Le mérite de ce texte réside tout d’abord dans le fait d’avoir su saisir le lien de causalité entre les principes énoncés ou sous-entendus par Vatican II et l’effet logique qui en résulte dans les déviations doctrinales, morales, liturgiques et disciplinaires qui sont apparues et se sont progressivement développées jusqu’à ce jour. Le monstrum engendré dans les cercles modernistes pouvait d’abord être trompeur, mais en se développant et en se renforçant, il se montre aujourd’hui pour ce qu’il est vraiment, dans sa nature subversive et rebelle. La créature, alors conçue, est toujours la même et il serait naïf de penser que sa nature perverse puisse changer. Les tentatives visant à corriger les excès du Concile — en invoquant l’herméneutique de la continuité — ont abouti à une faillite : Naturam espellas furca, tamen usque recurret (Épître d’Horace. I, 10, 24) [Chassez le naturel, il revient au galop]. La Déclaration d’Abou Dhabi et, comme le fait remarquer à juste titre Mgr Schneider, ses prodromes du panthéon d’Assise, « a été conçue dans l’esprit du Concile Vatican II » comme le confirme fièrement Bergoglio.
Cet « esprit du Concile » est le certificat de légitimité que les novateurs opposent aux critiques, sans se rendre compte que c’est précisément en confessant cet héritage, que se confirme non seulement le caractère erroné des déclarations actuelles, mais aussi la matrice hérétique qui les justifierait. À y regarder de plus près, jamais dans la vie de l’Église il n’y a eu un Concile qui ait représenté un événement historique au point de le rendre différent des autres : il n’y a jamais eu « l’esprit du Concile de Nicée », ni « l’esprit du Concile de Ferrare-Florence », et encore moins « l’esprit du Concile de Trente », tout comme il n’y a jamais eu de « post-Concile » après Latran IV ou Vatican I.
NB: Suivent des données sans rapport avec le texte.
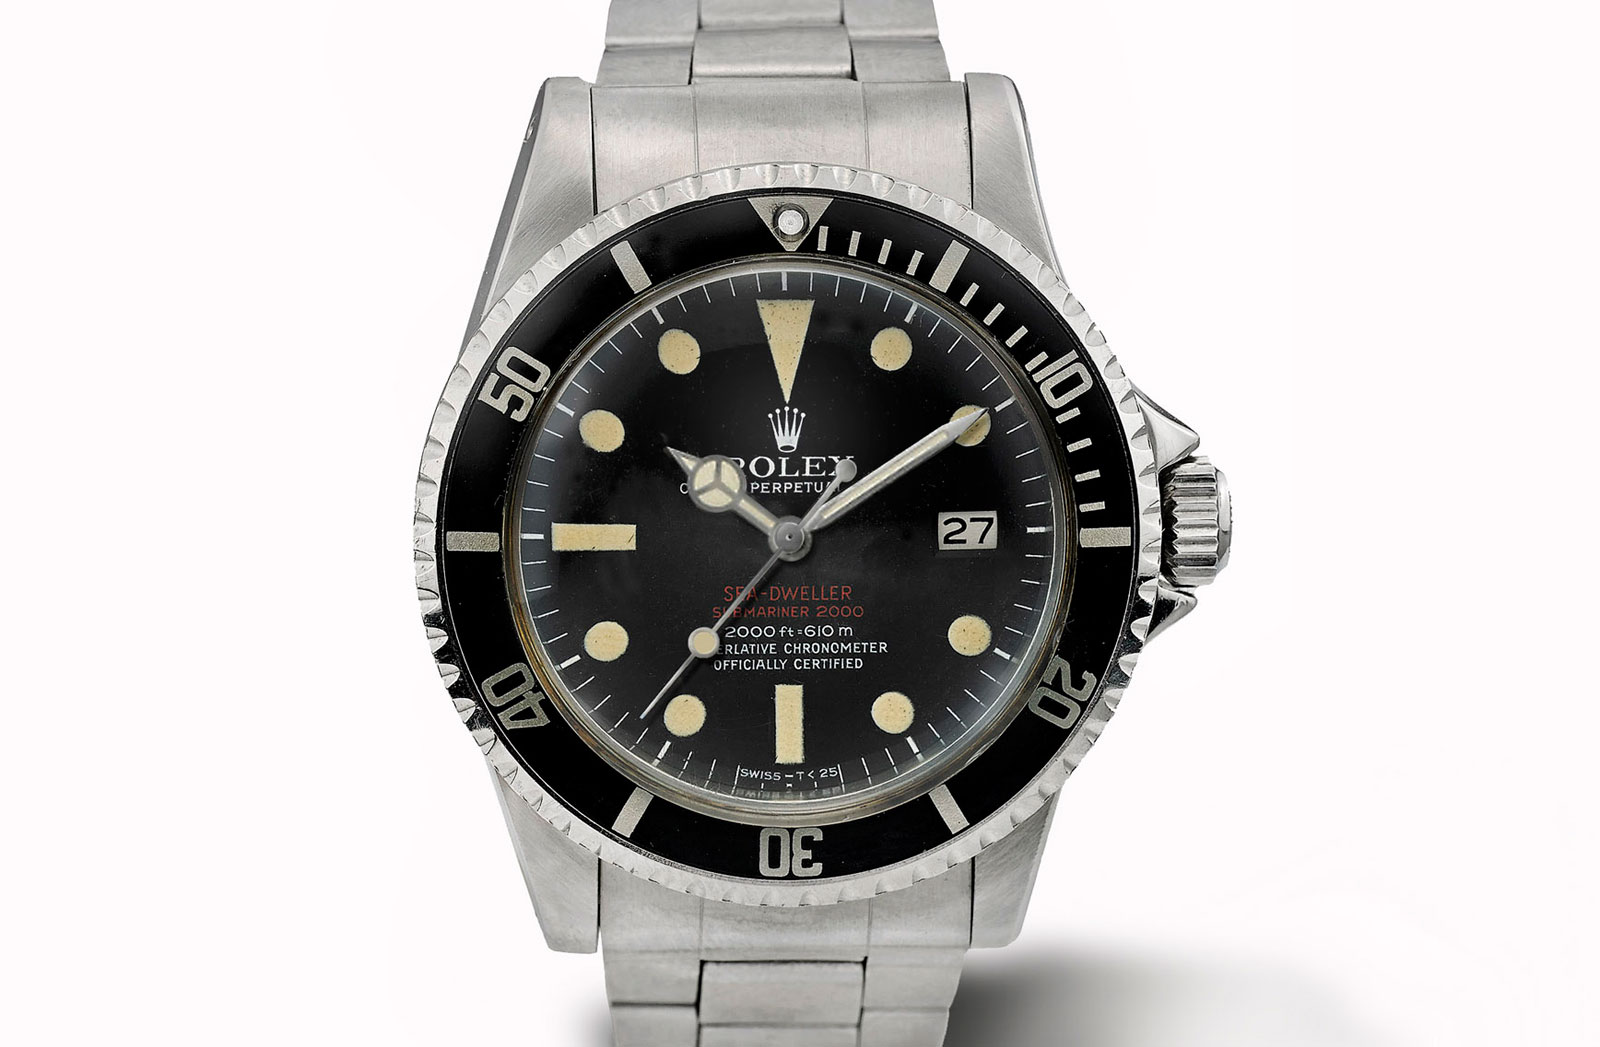 Rolex Sea-Dweller 1665 Mark IV

La raison en est évidente : ces conciles étaient tous, sans distinction, l’expression de la voix à l’unisson de la Sainte Mère l’Église, et pour cela même de Notre Seigneur Jésus-Christ. Il est significatif que ceux qui soutiennent la nouveauté de Vatican II adhèrent également à la doctrine hérétique qui voit le Dieu de l’Ancien Testament opposé au Dieu du Nouveau, presque comme s’il pouvait y avoir une contradiction entre les Personnes Divines de la Très Sainte Trinité. Il est évident que cette opposition presque gnostique ou kabbalistique sert à légitimer un nouveau sujet délibérément différent et opposé à l’Église catholique. Les erreurs doctrinales trahissent presque toujours aussi une hérésie trinitaire, et c’est donc en revenant à la proclamation du dogme trinitaire que les doctrines qui s’y opposent peuvent être vaincues : ut in confessione veræ sempiternæque deitatis, et in Personis proprietas, et in essentia unitas, et in majestate adoretur æqualitas. Professant la divinité véritable et éternelle, nous adorons le caractère propre des Personnes divines, l’unité dans leur essence, l’égalité dans leur majesté.